START Input data
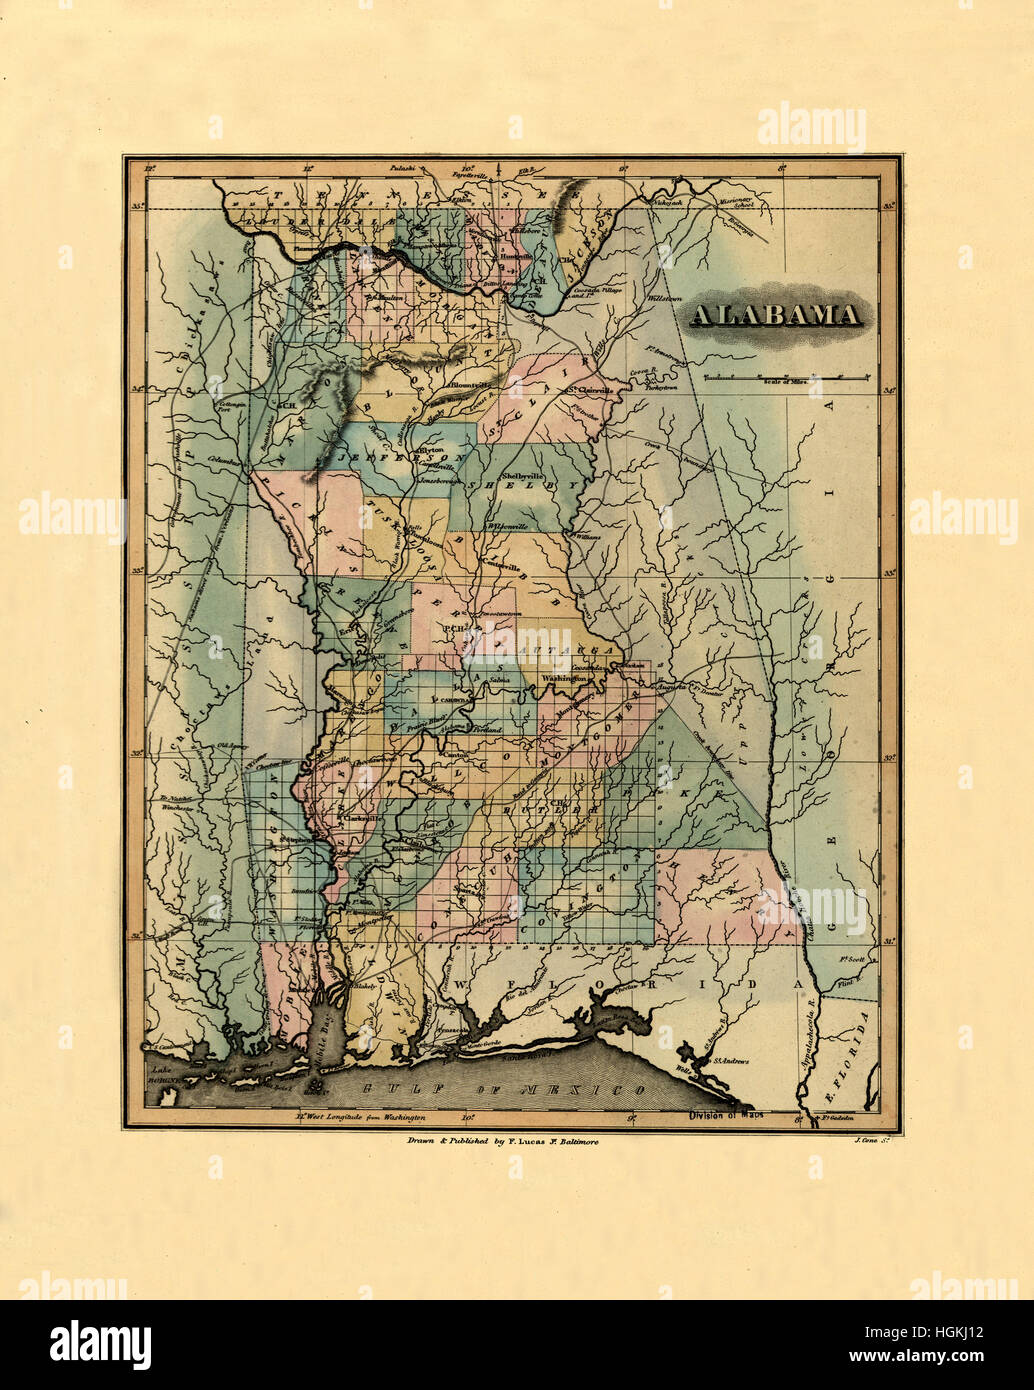 Site de l'Alabama 1826 Banque D'Images
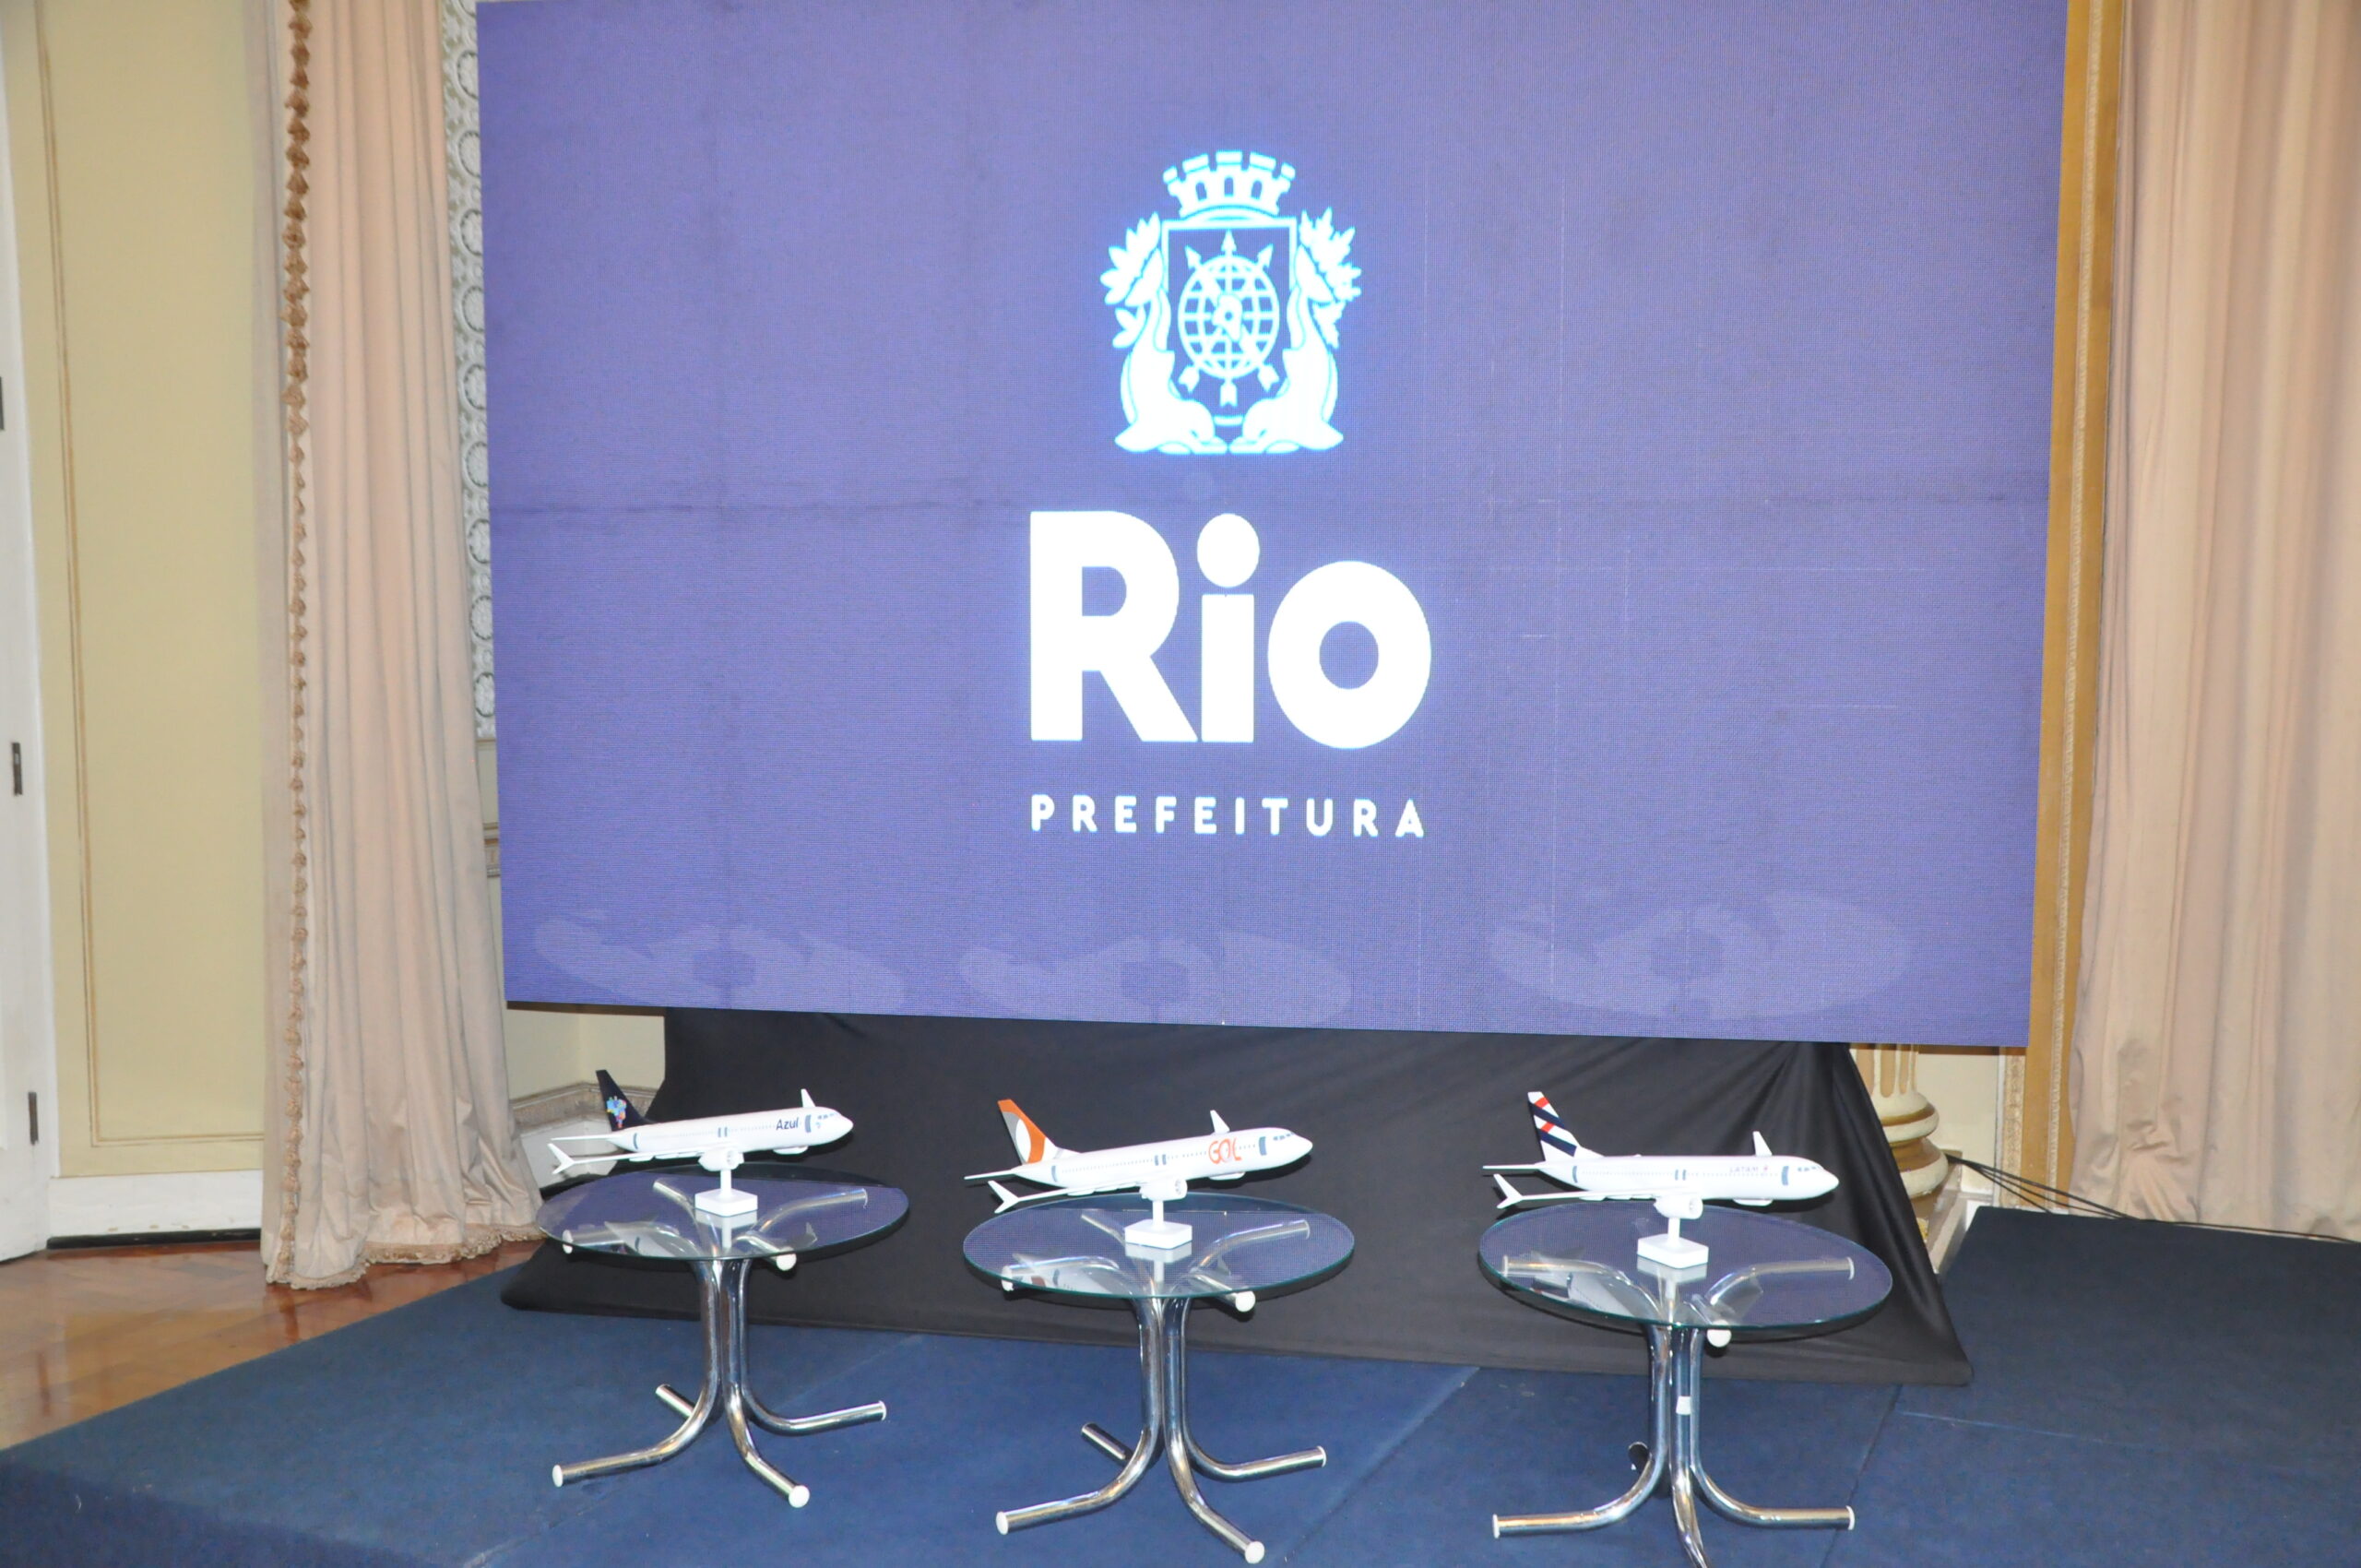 Prefeitura do Rio e as três companhias aéreas
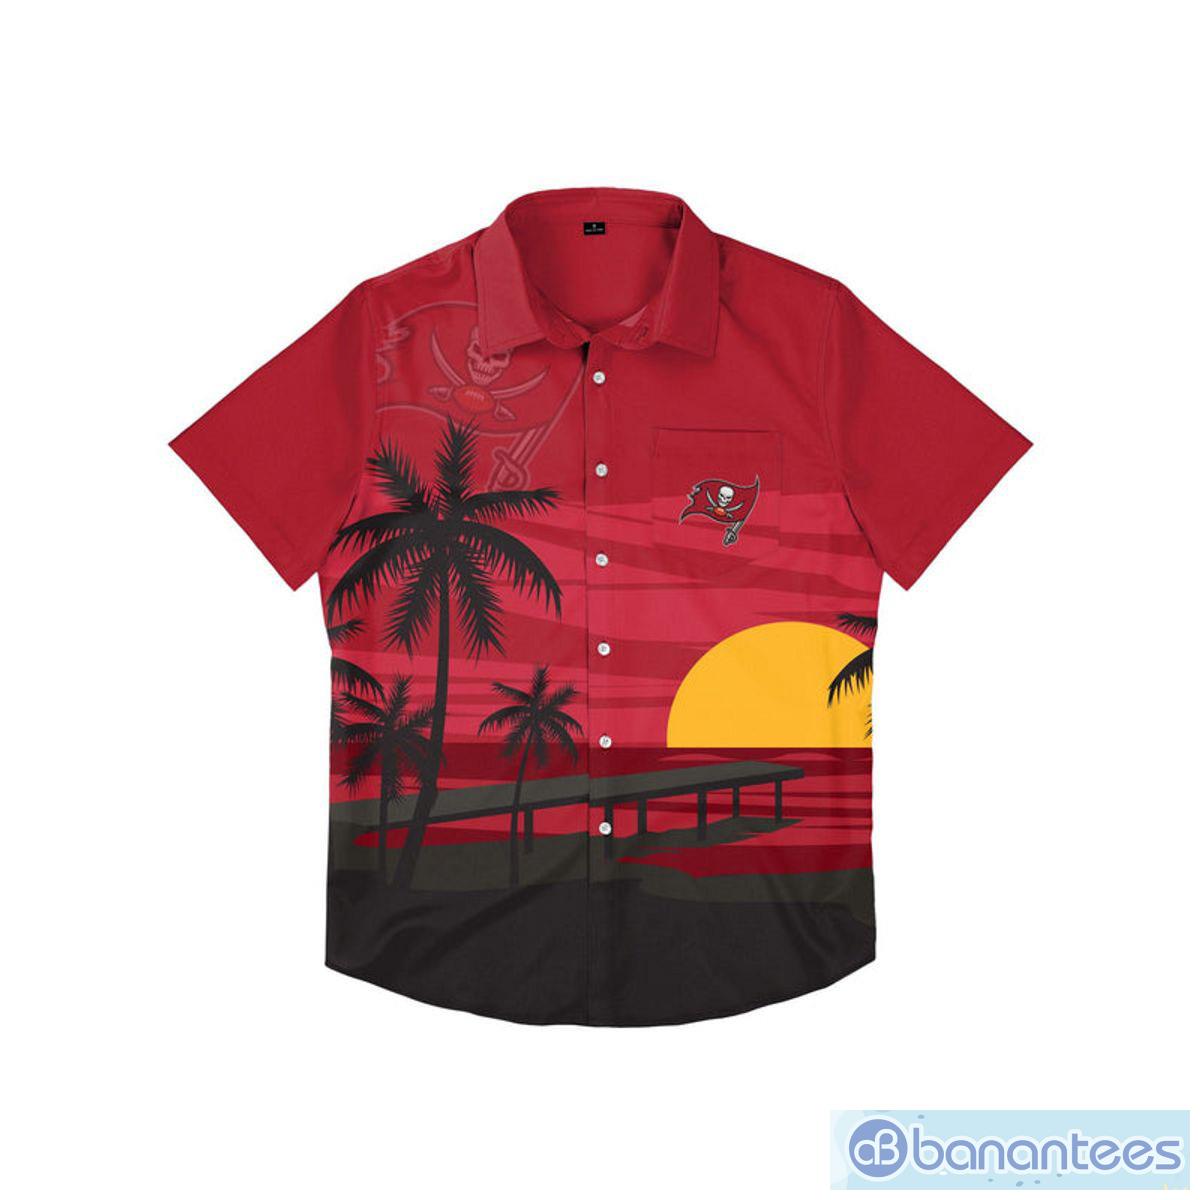 St Louis Cardinals Camp Shirt Sz XL Red MLB Hawaian Button up Nice
END Input data
- About this task: Retype the whole listing exactly. Do not include the pictures.

- Solution below:
 Site de l'Alabama 1826 Banque D'Images
 Prefeitura do Rio e as três companhias aéreas
 St Louis Cardinals Camp Shirt Sz XL Red MLB Hawaian Button up Nice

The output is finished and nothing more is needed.